Output the lines of the records exactly, from the first through the one containing "Vergoldeter Wandspiegel im". Omit all pictures.
++++++
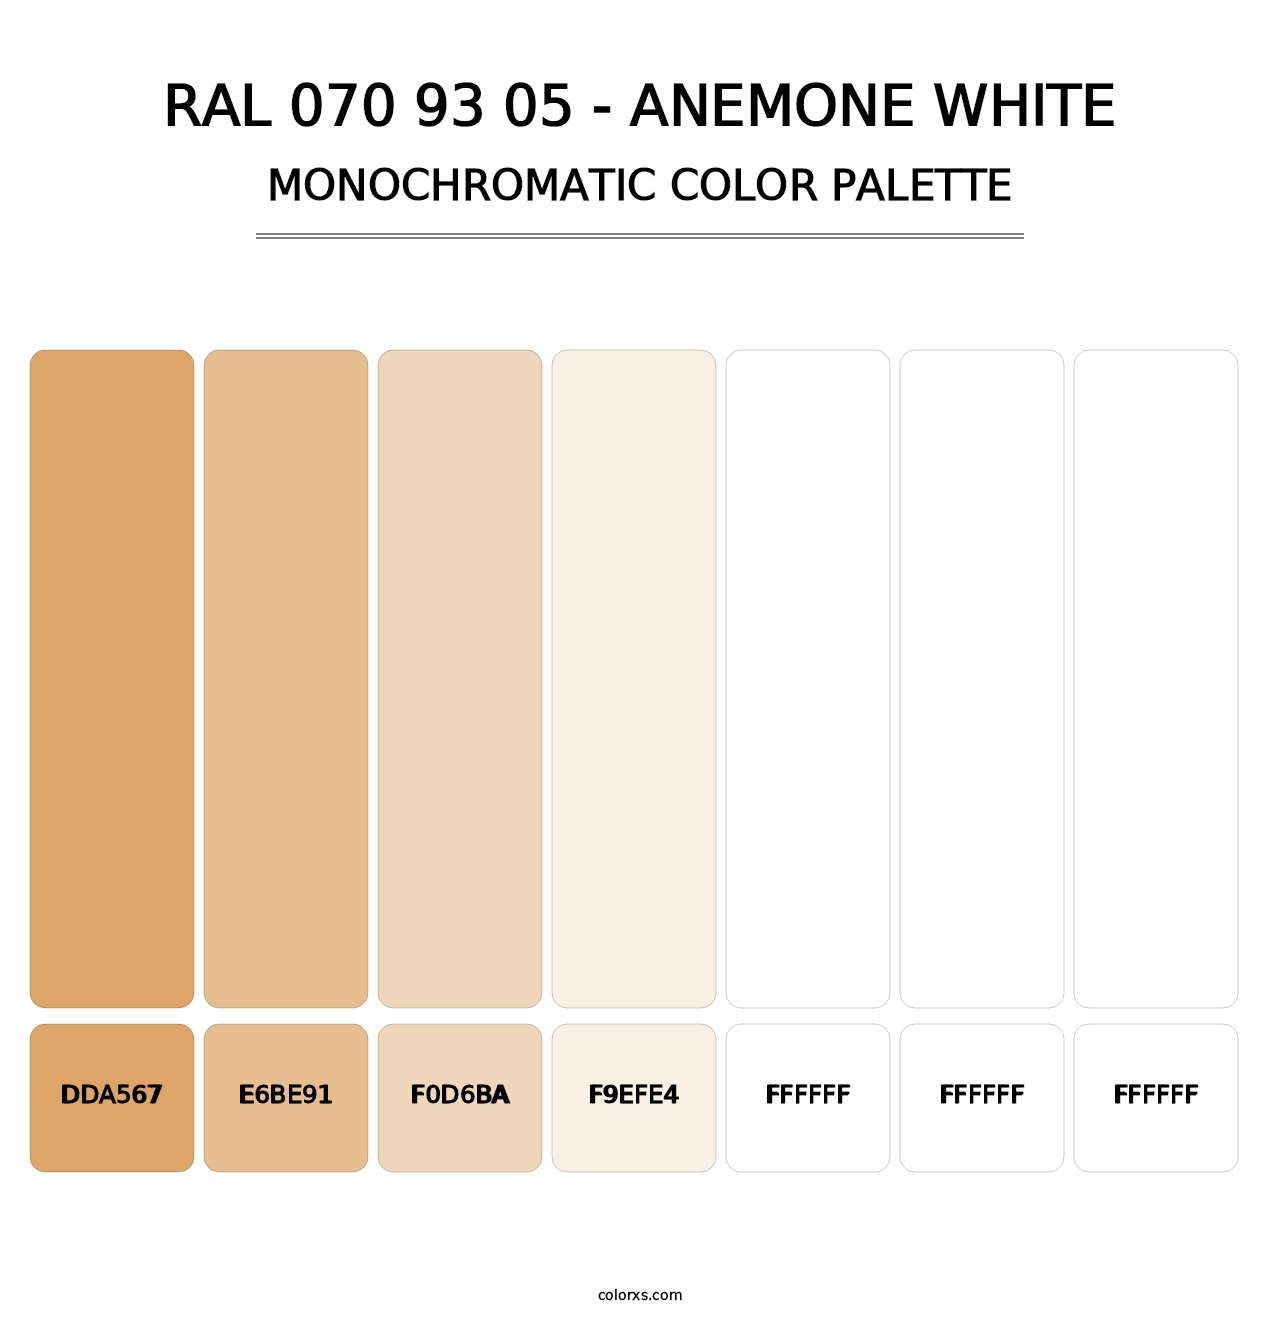 RAL 070 93 05 - Anemone White - Monochromatic Color Palette
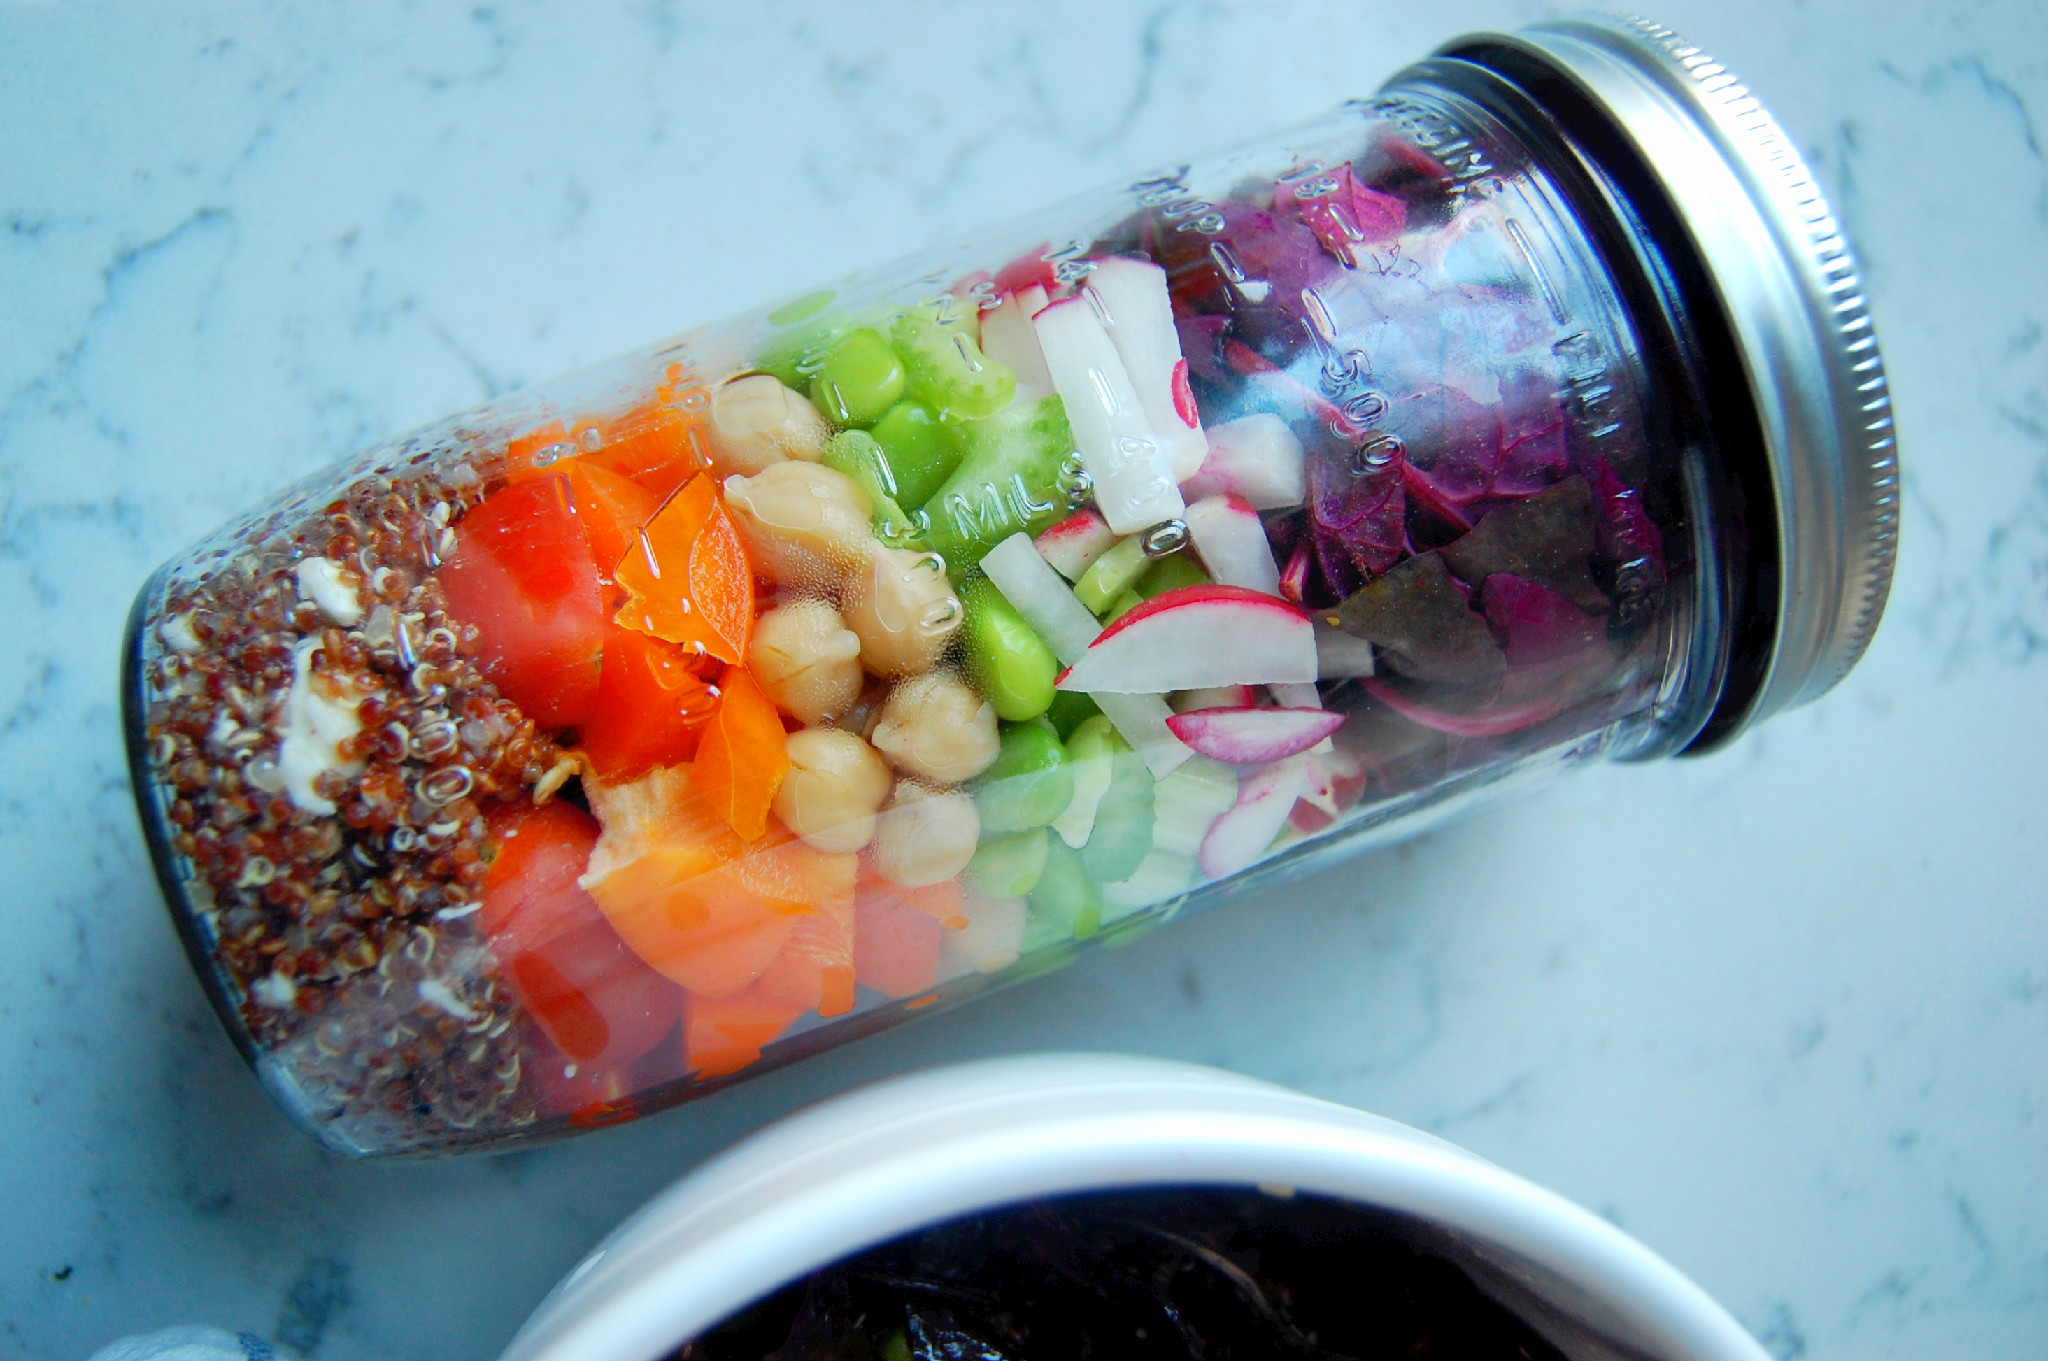 7 Best Mason Jar Salad Recipes - Easy Salads in a Jar
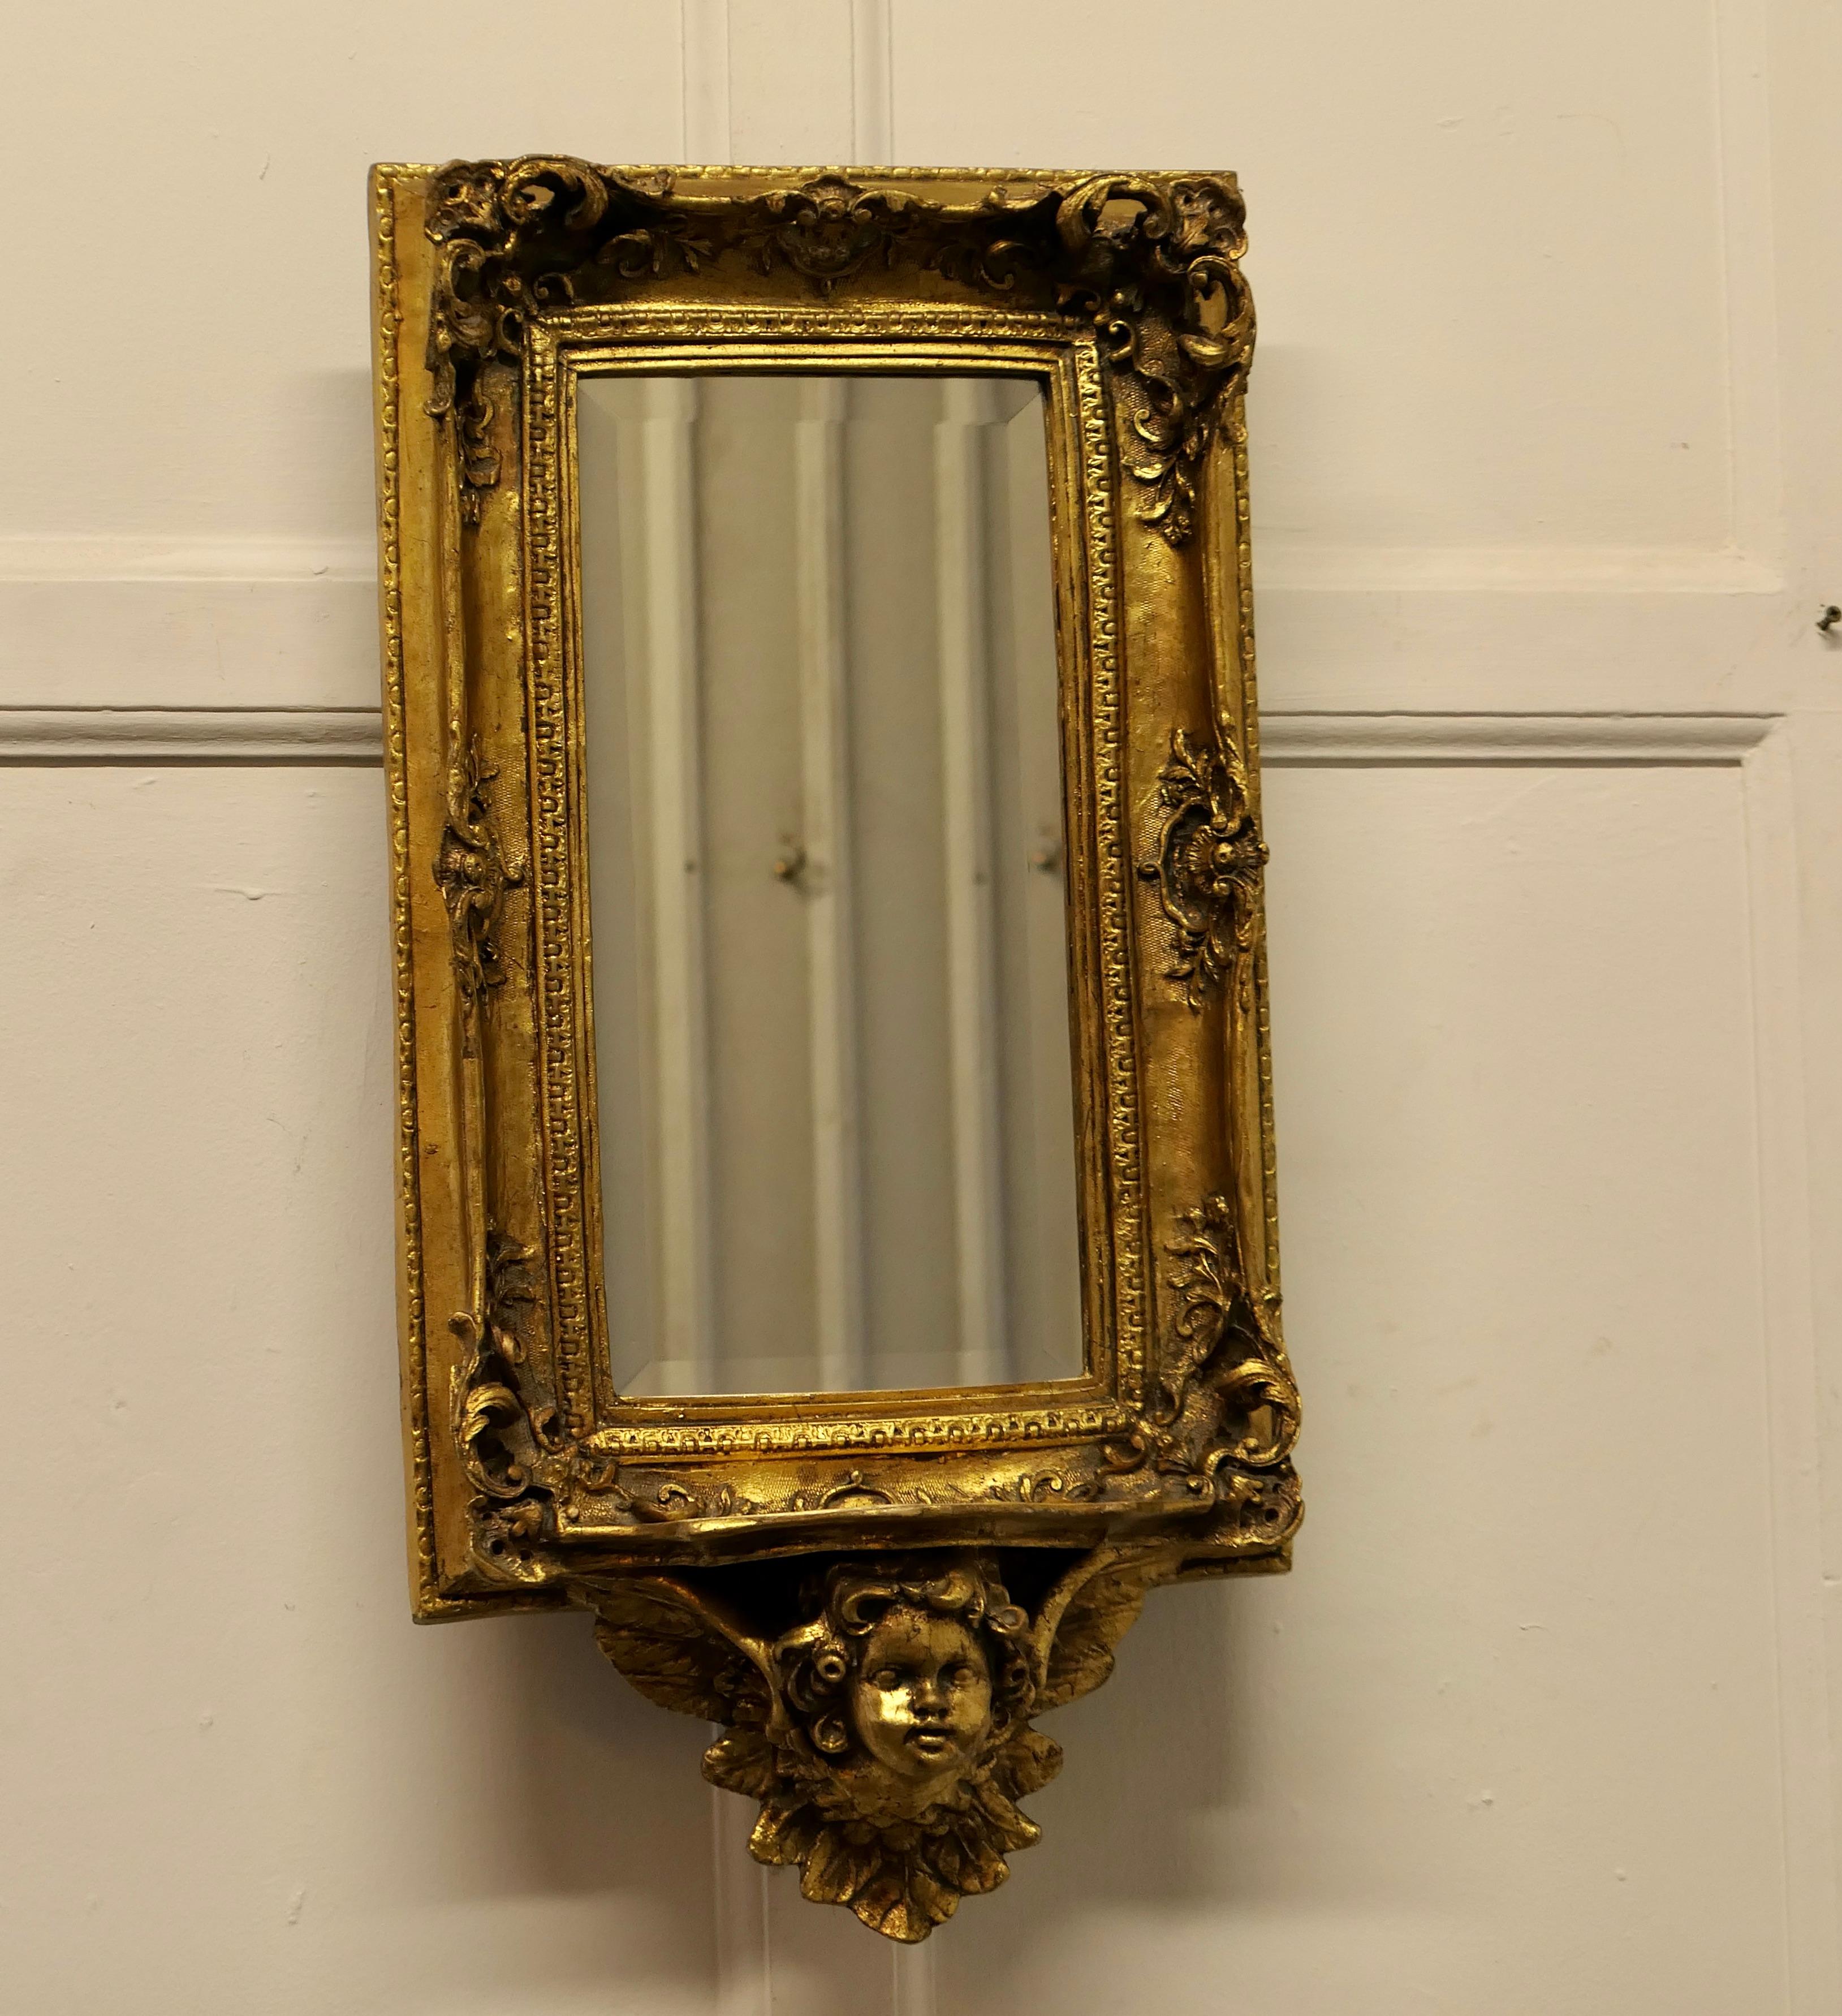 Vergoldeter Wandspiegel im Rokoko-Stil mit Putten und Regalhalterung

Der Spiegel hat einen exquisiten vergoldeten Rahmen im Rokoko-Stil, er ist rechteckig und hat das Gesicht eines Puttenengels am Boden, der ein kleines Regal trägt. 
In gutem
++++++
• _Answer below_
 RAL 070 93 05 - Anemone White - Monochromatic Color Palette
 7 Best Mason Jar Salad Recipes - Easy Salads in a Jar
 Vergoldeter Wandspiegel im Rokoko-Stil mit Putten und Regalhalterung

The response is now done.